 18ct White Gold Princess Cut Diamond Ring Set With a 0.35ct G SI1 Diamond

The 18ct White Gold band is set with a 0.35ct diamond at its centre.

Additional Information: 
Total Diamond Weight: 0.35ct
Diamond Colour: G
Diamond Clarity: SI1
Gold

--

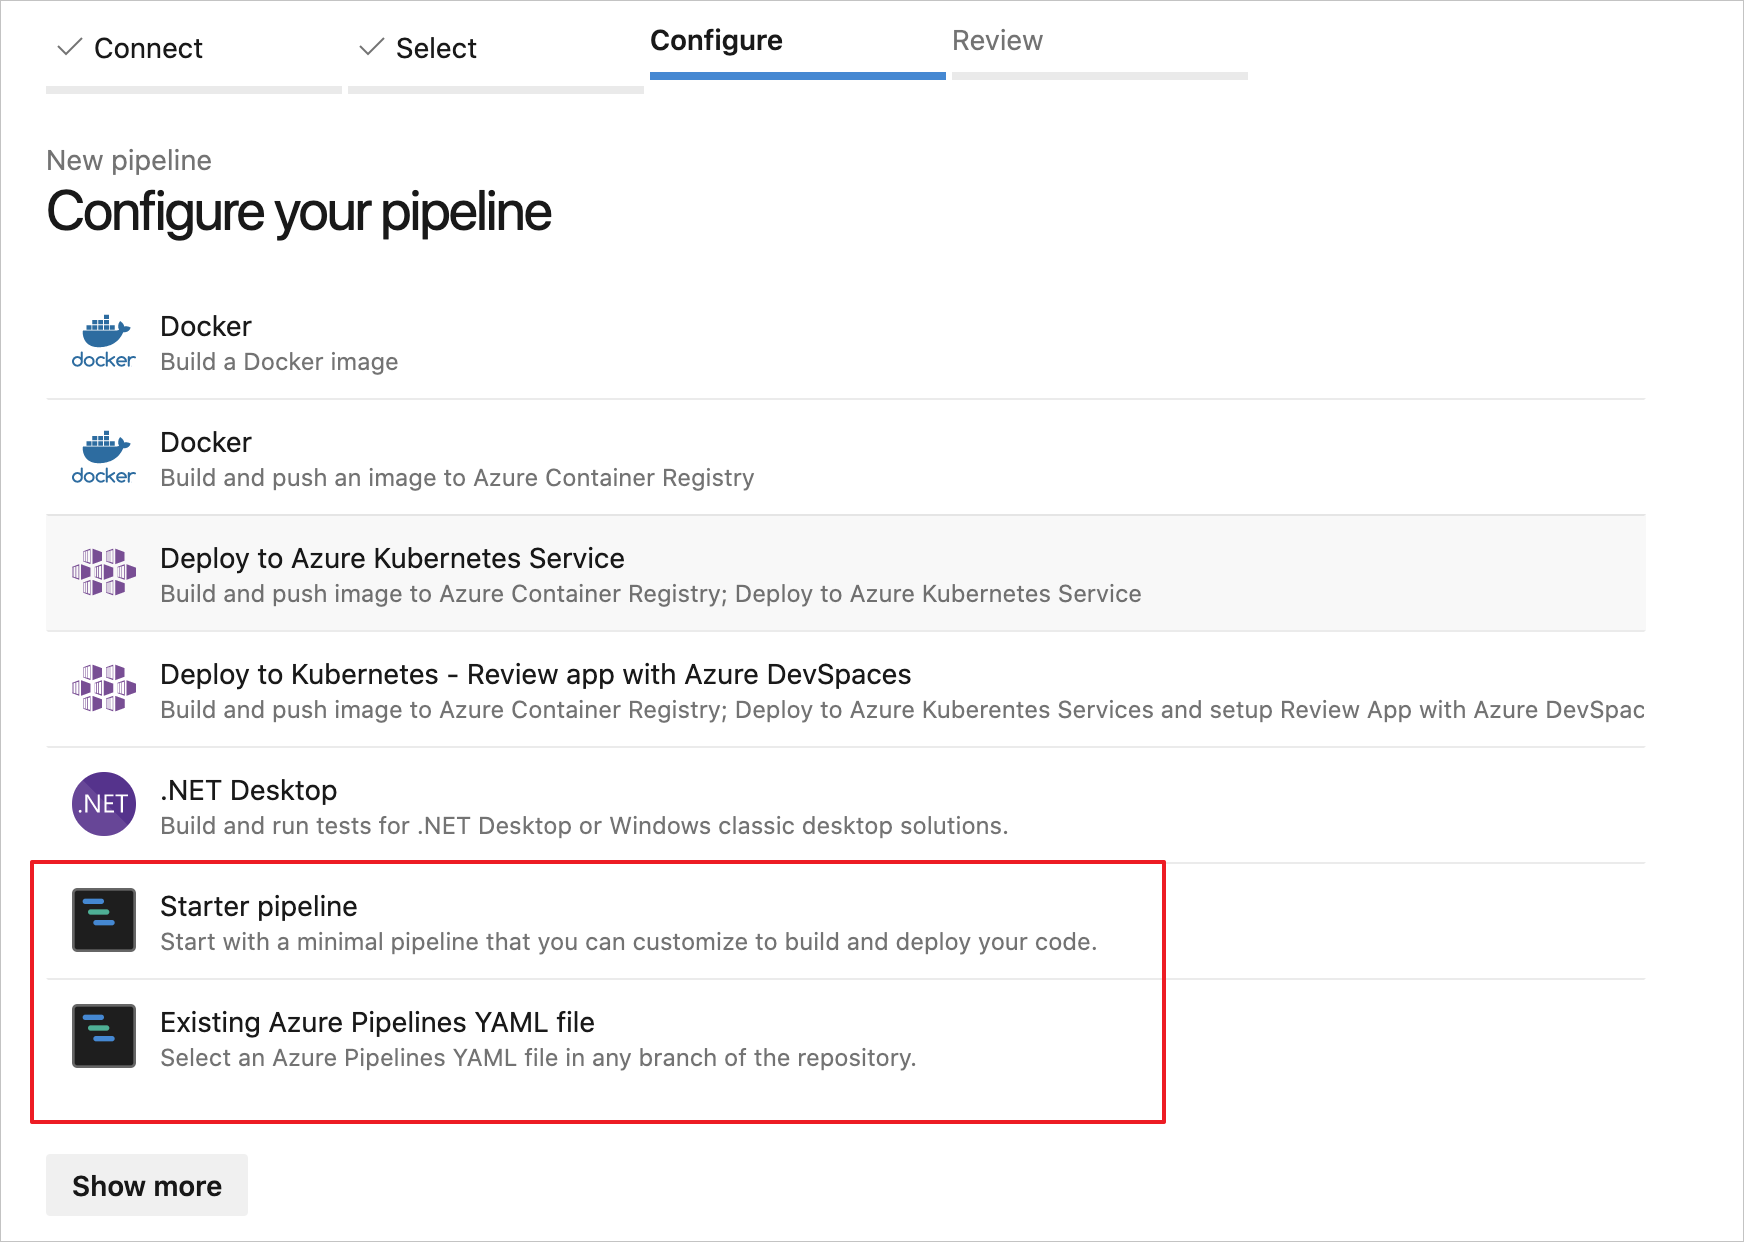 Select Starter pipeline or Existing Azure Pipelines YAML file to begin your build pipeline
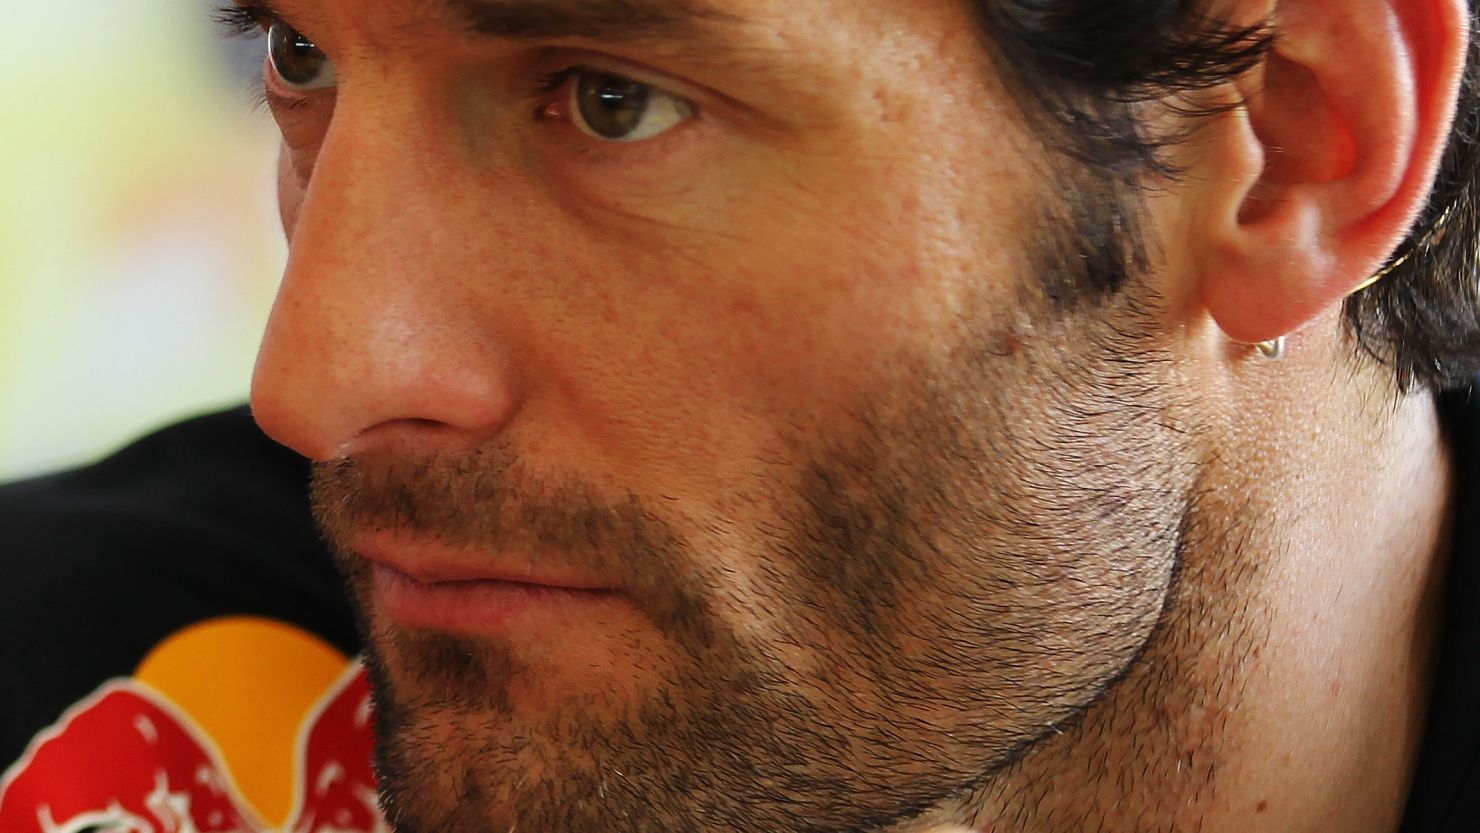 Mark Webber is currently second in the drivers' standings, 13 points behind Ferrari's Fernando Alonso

* * *

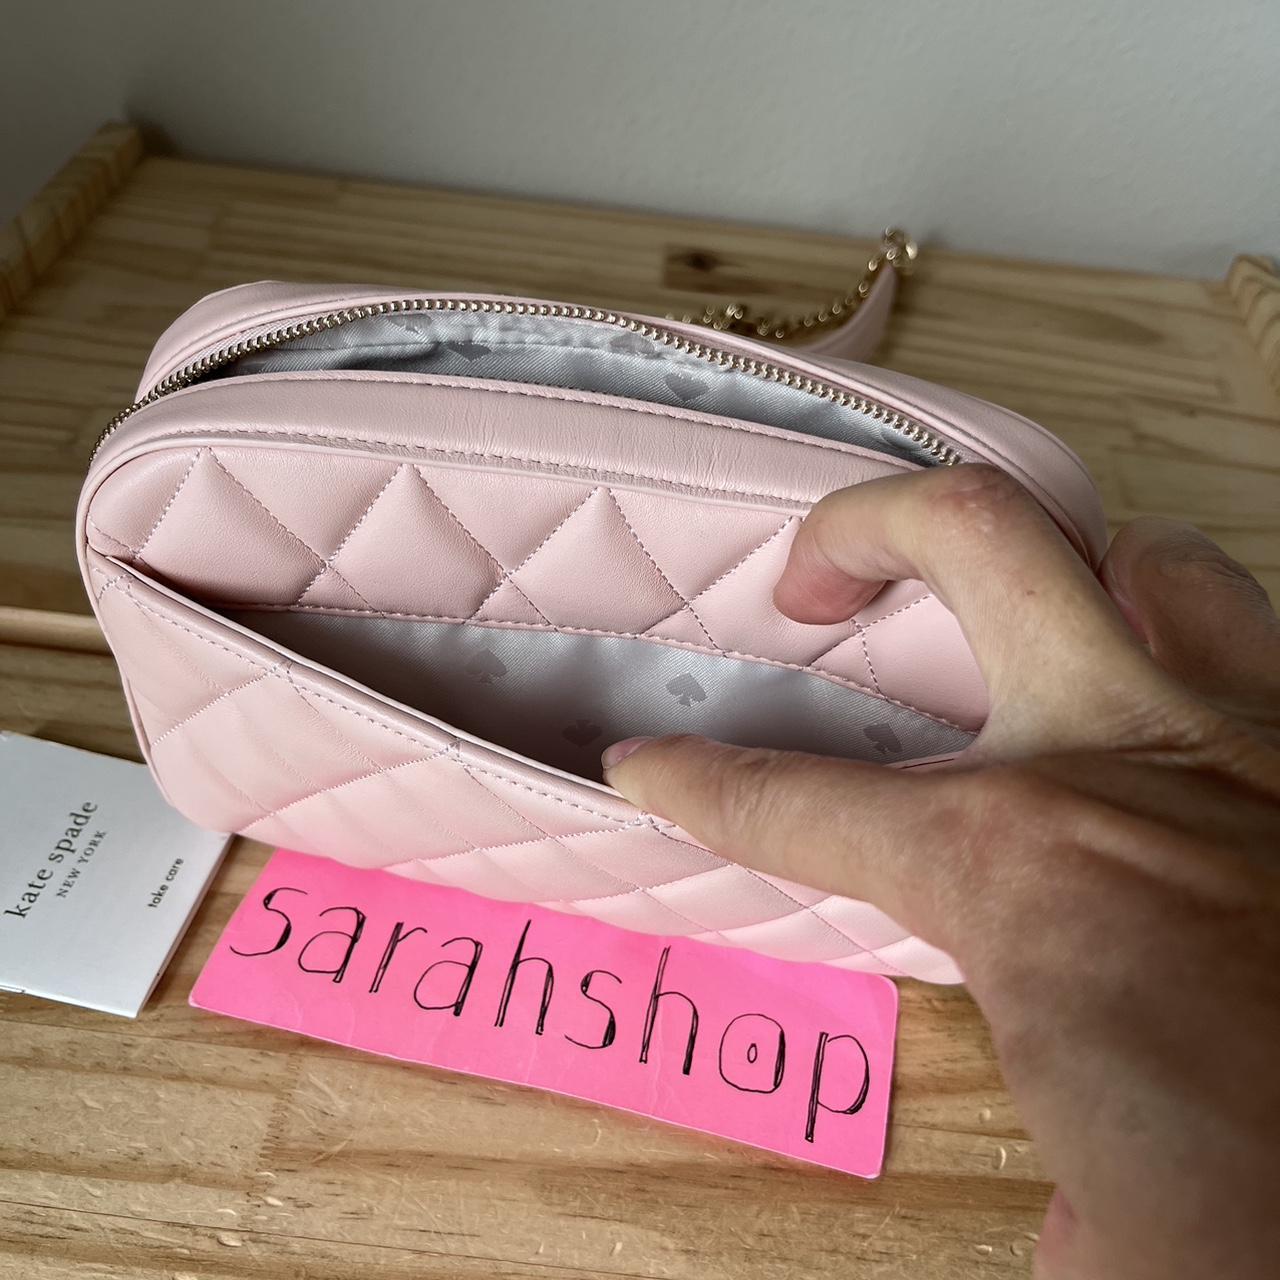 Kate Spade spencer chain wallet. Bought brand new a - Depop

Assigned task:
The task calls for all lines in the entries that hold "White".

Task result:
 18ct White Gold Princess Cut Diamond Ring Set With a 0.35ct G SI1 Diamond
The 18ct White Gold band is set with a 0.35ct diamond at its centre.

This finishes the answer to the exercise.